Copper import in Escherichia coli by the yersiniabactin metallophore system

Under high-copper conditions, yersiniabactin (Ybt) binds copper (Cu) to prevent toxicity. Ybt is now shown to mediate Cu import under low-Cu conditions through formation of a Cu(II)-Ybt complex resulting in metalation of a Cu-requiring enzyme. Copper plays a dual role as a nutrient and a toxin during bacterial infections. While uropathogenic Escherichia coli (UPEC) strains can use the copper-binding metallophore yersiniabactin (Ybt) to resist copper toxicity, Ybt also converts bioavailable copper to Cu(II)–Ybt in low-copper conditions. Although E. coli have long been considered to lack a copper import pathway, we observed Ybt-mediated copper import in UPEC using canonical Fe(III)–Ybt transport proteins.
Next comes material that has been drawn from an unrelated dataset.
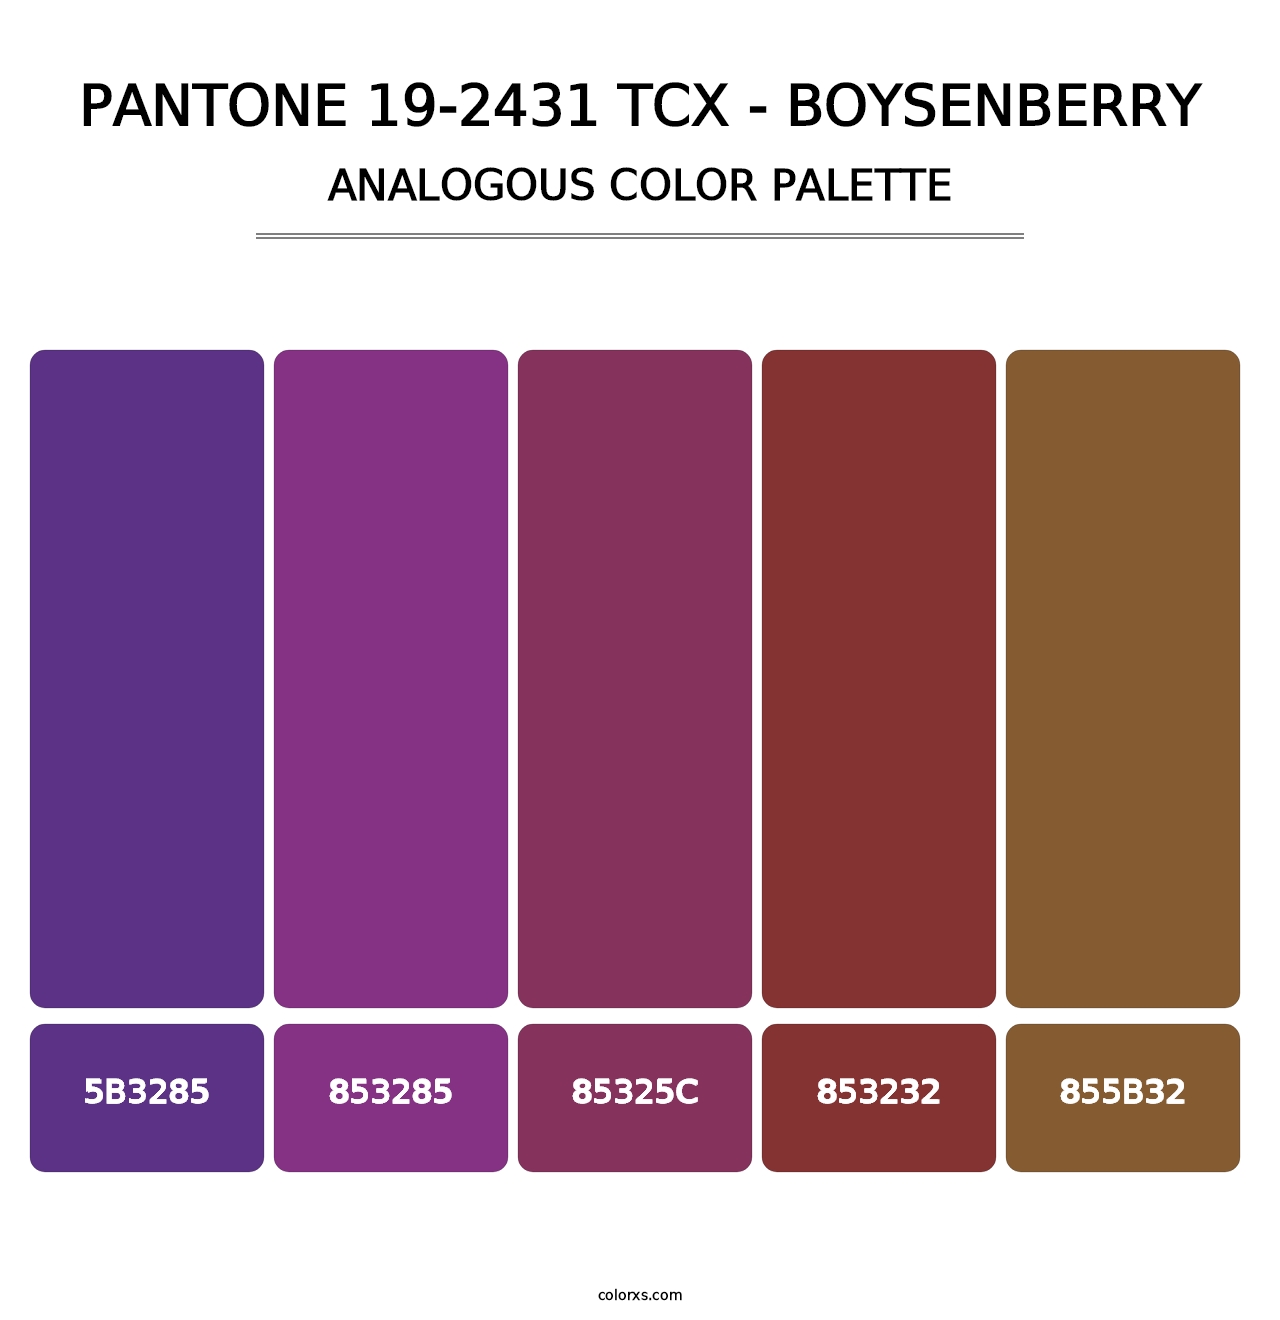 PANTONE 19-2431 TCX - Boysenberry - Analogous Color Palette

UPEC removed copper from Cu(II)–Ybt with subsequent re-export of metal-free Ybt to the extracellular space. Copper released through this process became available to an E. coli cuproenzyme (the amine oxidase TynA), linking this import pathway to a nutrient acquisition function. Ybt-expressing E. coli thus engage in nutritional passivation, a strategy of minimizing a metal ion's toxicity while preserving its nutritional availability. Copper acquisition through this process may contribute to the marked virulence defect of Ybt-transport-deficient UPEC.